右(イ)の家屋の賃貸借が第一審原告主張の如く解約申入の発効によつて終了したから、これが明渡を求めるという第二次の予備的請求については、すべて前段(一)に説示の如く第一次の請求で(イ)の家屋の明渡が認容せられたから、もはや判断の必要をみない。

二、別紙第一目録記載(ロ)の家屋の明渡請求について。

前示(1) 及び(3) に掲記の如く、第一審原告所有の家屋を現在第一審被告が賃借権なく占有使用しているのであり、その他に第一審被告がこれを占有する正当な権原につき何等の主張立証もないのであるから、第一審原告が所有権に基ずきこれが明渡を求める請求は、認容すべきものである。

三、別紙第二目録記載(ハ)の土地の明渡請求について。

前示(4) に掲記の如く、第一審原告所有の土地を現在第一審被告が賃借権なく占有使用していて、その地上には同人所有の同目録記載(ニ)の豚小屋が存在し、その他に第一審被告がこれを占有する正当な権原につき何等の主張立証もないのであるから、第一審原告が所有権に基ずき地上の豚小屋を収去してこれが明渡を求める請求は認容すべきものである。

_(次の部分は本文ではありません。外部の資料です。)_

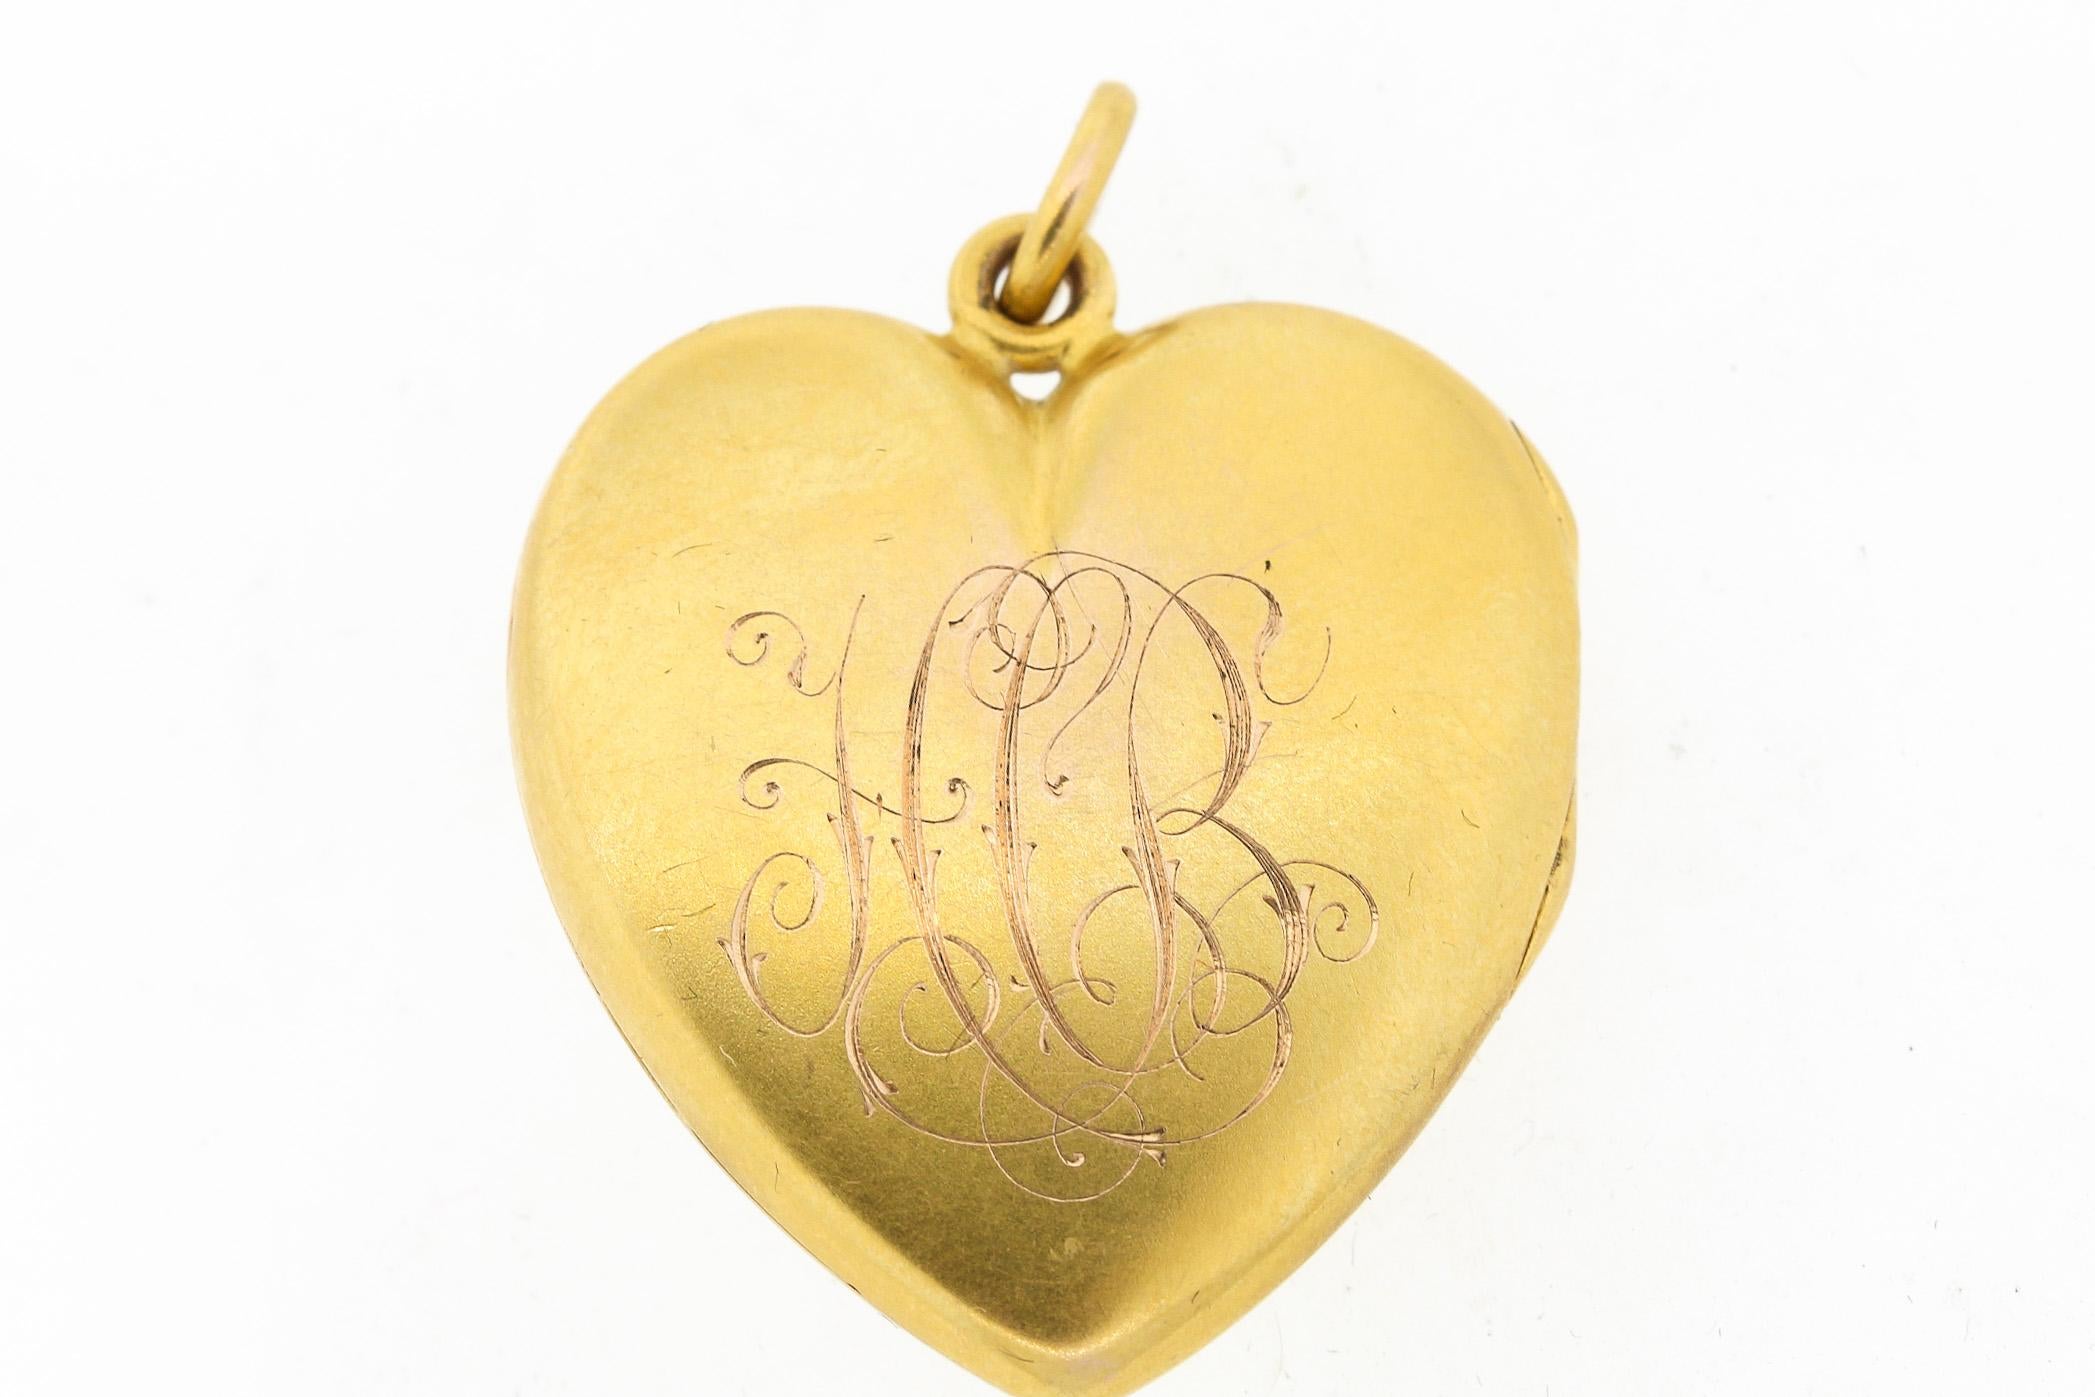 Lovely antique slim heart shaped locket set with a cushion ruby surrounded by rosecut diamonds, circa 1900. The heart has its beautiful original patina, and is marked 14k inside the locket. It has its original crystal inside and even one photo. The

然らば第一審原告の本訴請求((ハ)の宅地の面積については当審で訂正したとおりとして)は、全部正当としてこれを認容すべく、原判決中(イ)の家屋明渡請求を棄却した部分は、相当でないから民事訴訟法第三百八十六条によりこれを取消すべきであり、その他の第一審原告の請求を認容した部分は、理由を異にするけれども相当であつて、第一審被告の控訴は同法第三百八十四条第二項により棄却を免れず、よつて主文の如く原判決を変更すべきものとし、訴訟費用の負担につき同法第九十六条、第八十九条に則り主文のとおり判決する。